Since his inauguration, many foreign policy experts have said Obama’s foreign policy has been too ambitious and naïve. And they were right. Iraq remains a mess, and although a complete withdrawal of US forces is scheduled for the end of 2011, it is pending another security agreement between Washington and Baghdad, which could be challenging in light of the instability on the ground.

On Palestinian-Israeli peace, Obama has been soft, rolling back his harsh words against Israeli settlements in Palestinian territories, and telling The New York Times that peace talks were ‘harder than he had anticipated.’

Obama has been wrong. His vision for Middle East peace has been disconnected from reality.

For all of his foreign policy mistakes, nothing compares to Obama’s failure to engage diplomatically with Iran and Syria. He extended his hand to the Iranians, who – with a regional status quo in their favor – saw no reason to negotiate, and left it dangling in the air, while cracking down on the Green Movement activists in the aftermath of the forged presidential re-election in 2009. Obama has sent one secret emissary after another to Tehran, but the Iranian regime still stands defiant.

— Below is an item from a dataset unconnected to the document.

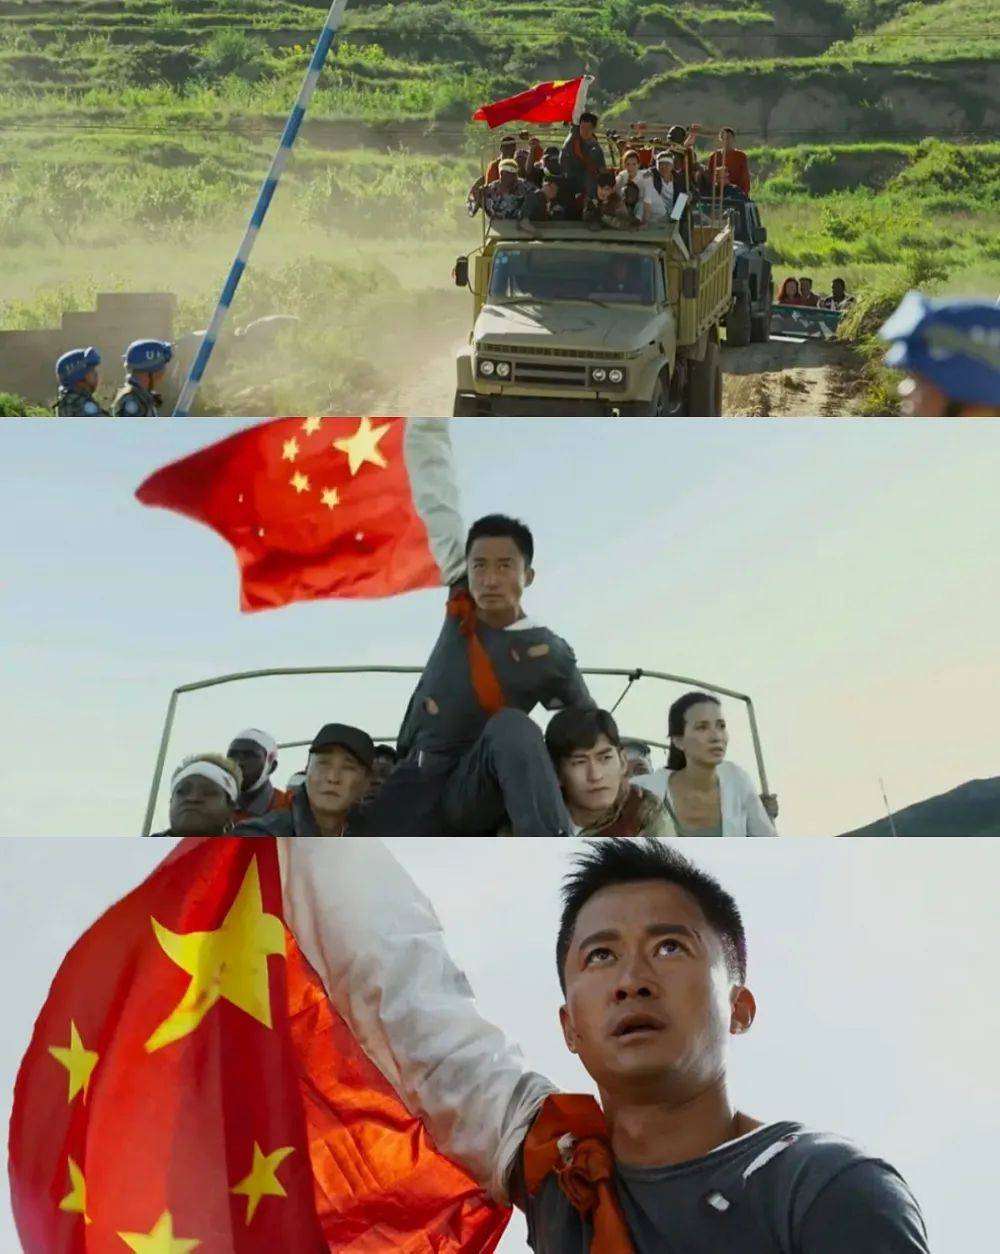 原创真"战狼2"剧情!中国小伙在约旦被劫持后,举起五星红旗退敌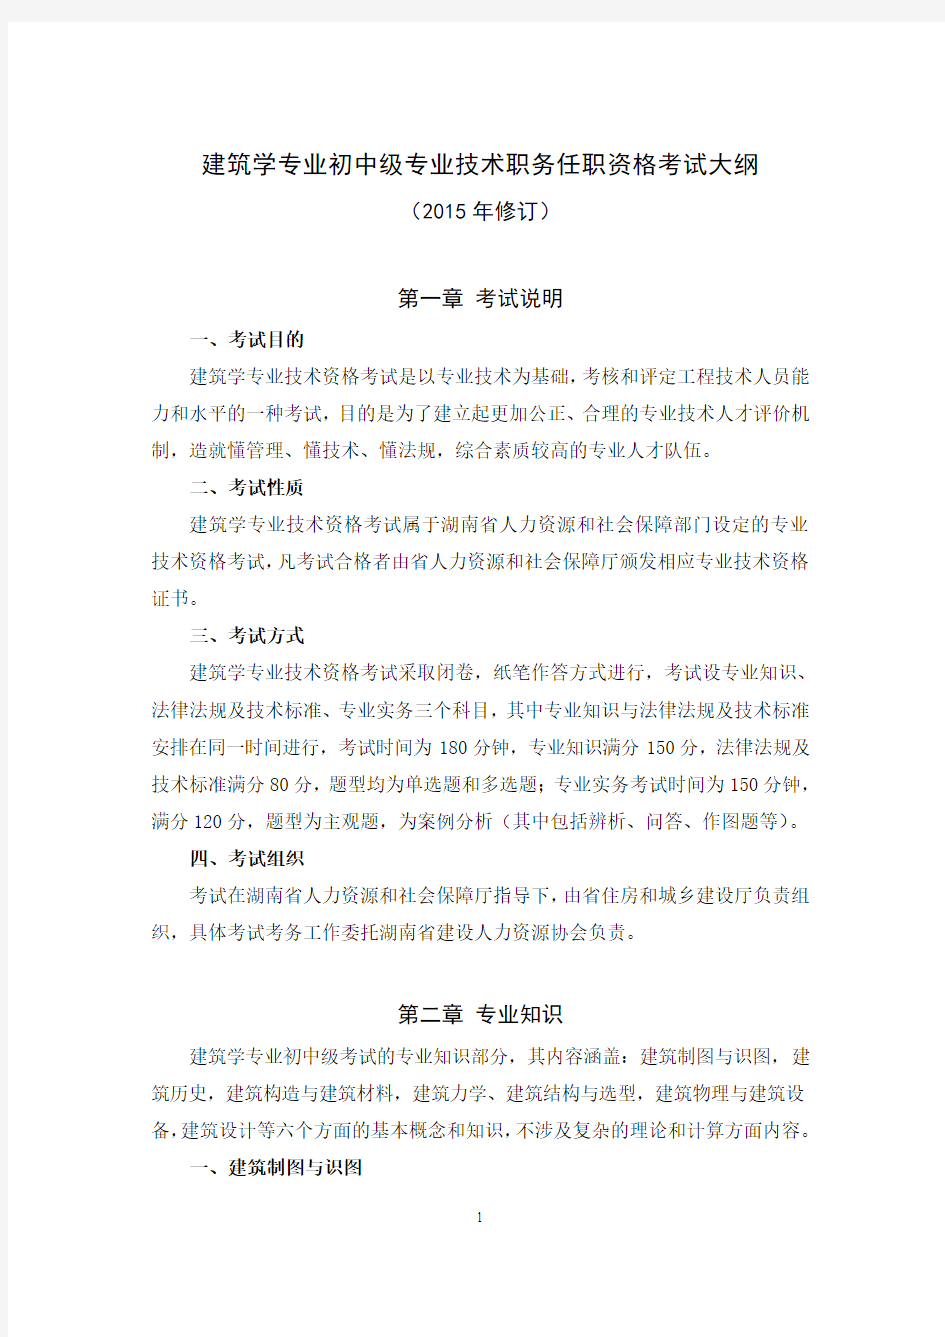 湖南建筑学专业初中级技术职务任职资格考试大纲(201504修订版).

In Syria, Obama’s foreign policy fared slightly better. At least American envoys were able to land in Damascus and meet with Syrian President Bashar Assad and his associates. Yet unfortunately for Obama, Syria calculated that with Iran on the rise and America on the decline, there was no reason to concede anything to the United States.

The Syrian lobby in Washington – consisting mainly of senators John Kerry (D-MA) and Arlen Specter (D-PA)—had Obama’s ear for a while, propelling America’s “engagement with Syria” program, which included reappointing a US ambassador in Damascus. The last US ambassador there, Margret Scobey, was recalled in February 2005 after the assassination of former Prime Minister Rafik Hariri. Despite being in the minority, Republicans mustered enough power to block Syria’s reconciliation with Obama. GOP senators threw a hold on Robert Ford’s appointment as ambassador to Syria. Obama rightly guessed that overriding such a hold – during Congressional recess in August – would be politically costly and not worth the trouble, given Syria’s general unresponsiveness and inability to deliver amidst Iran’s dominance throughout region.

Obstruction by the Republican minority is now history. The GOP will now be the majority in Congress. This does not mean Republicans will be able to dictate foreign policy over the Commander-in-Chief, it means Obama will have to pick his battles, lest his chances for re-election in 2012 be compromised.

Obama and his aides have already rehearsed a Democratic defeat in the midterm elections, and have decided to reorganize their priorities. With 2012 in the back of their minds, Democrats are expected to focus on domestic issues, avoiding battles on foreign policy.

This means Obama’s zeal for the peace process will recede. Washington’s mood on engagement of hostile regimes, such as Iran and Syria, will likely sour. More aircraft carriers are expected to sail from US ports to the Gulf, in order to turn the heat on Iran and other adversaries.

With the House of Representatives in Republican hands, Obama will either have to turn into a hawk like Clinton, gritting America’s teeth to the world, or risk appearing weak like Carter, and exit the White House without a second term.

Obama’s attempts to settle disputes through diplomacy in the Middle East have proven disastrous. As such, America’s foreign policy has shifted from engagement to more confrontation. A Republican victory will bring a more assertive American superpower to the world stage.

Hussain Abdul-Hussain is the Washington Correspondent of Kuwaiti daily Al Rai.